Discovering and Understanding Haitian Culture
- Delve into the history and culture of Haiti through readings, lectures, site visits and excursions.
- Gain a deeper understanding of Haiti’s complex connections to the United States as well as the state of post-earthquake Haiti.
- Engage with leading non-profit organizations in Haiti to learn best practices in respectful, responsible and sustainable development work.
Haiti is the first Black Republic in the Western Hemisphere and the second country to gain its independence in the Americas. Too often people think of Haiti as only a place of disaster and diseases. But Haiti is filled with a vibrant history and culture. This program will provide the opportunity to delve into the history and culture of Haiti through interactions with various partners that will challenge stereotypical representations of Haiti and Haitian culture.

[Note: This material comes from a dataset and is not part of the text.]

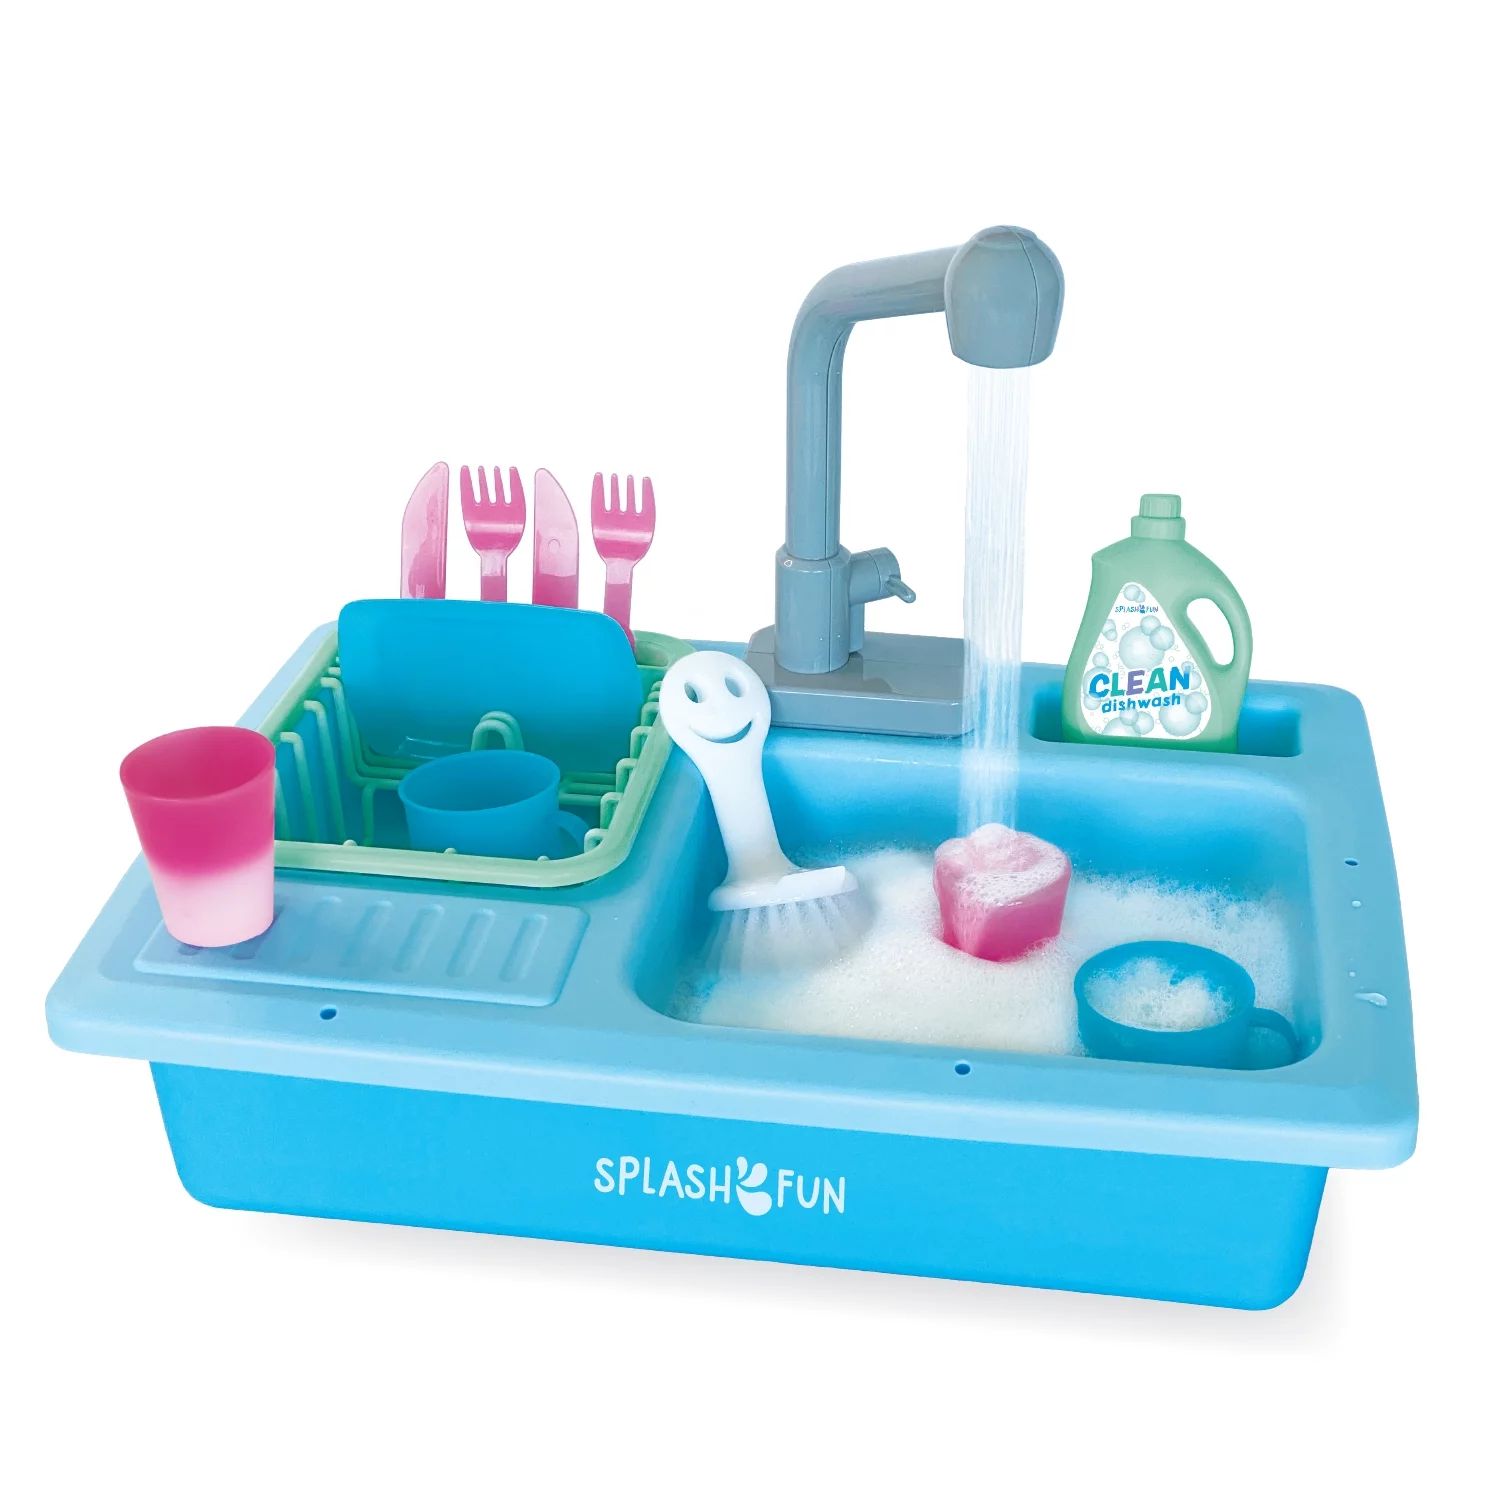 SPLASHFUN Wash-up Kitchen Sink Play Set with Running Water Pretend Play Kitchen Toy Set with Work... | Walmart (US)

This program is offered in partnership with two non-profit organizations based in Haiti: the N a Sonje Foundation (translated, as “we will remember”) and Beyond Borders. Located near Port-au-Prince, the N a Sonje Foundation is a community-based foundation which supports visitors to Haiti through the provision of deep and insightful presentations about the language, the culture and Haiti's history in addition to supporting community programs as needs arise and change. Beyond Borders operates in multiple locations across Haiti, including Port-au-Prince and Jacmel. Key programmatic areas for Beyond Borders are protecting children and preserving families, preventing violence against women and girls, improving quality education for all, and supporting sustainable livelihoods. Both organizations hold strong ties to the local Haitian community, allowing program participants to interact with staff and other community leaders to understand community-based development efforts and best practices in respectful, responsible and sustainable development work.
The Republic of Haiti is located on the island of Hispaniola in the Caribbean Sea. It occupies the western third of the island, which it shares with the Dominican Republic. With approximately 10 million inhabitants, Haiti is one of the most populated islands in the Caribbean.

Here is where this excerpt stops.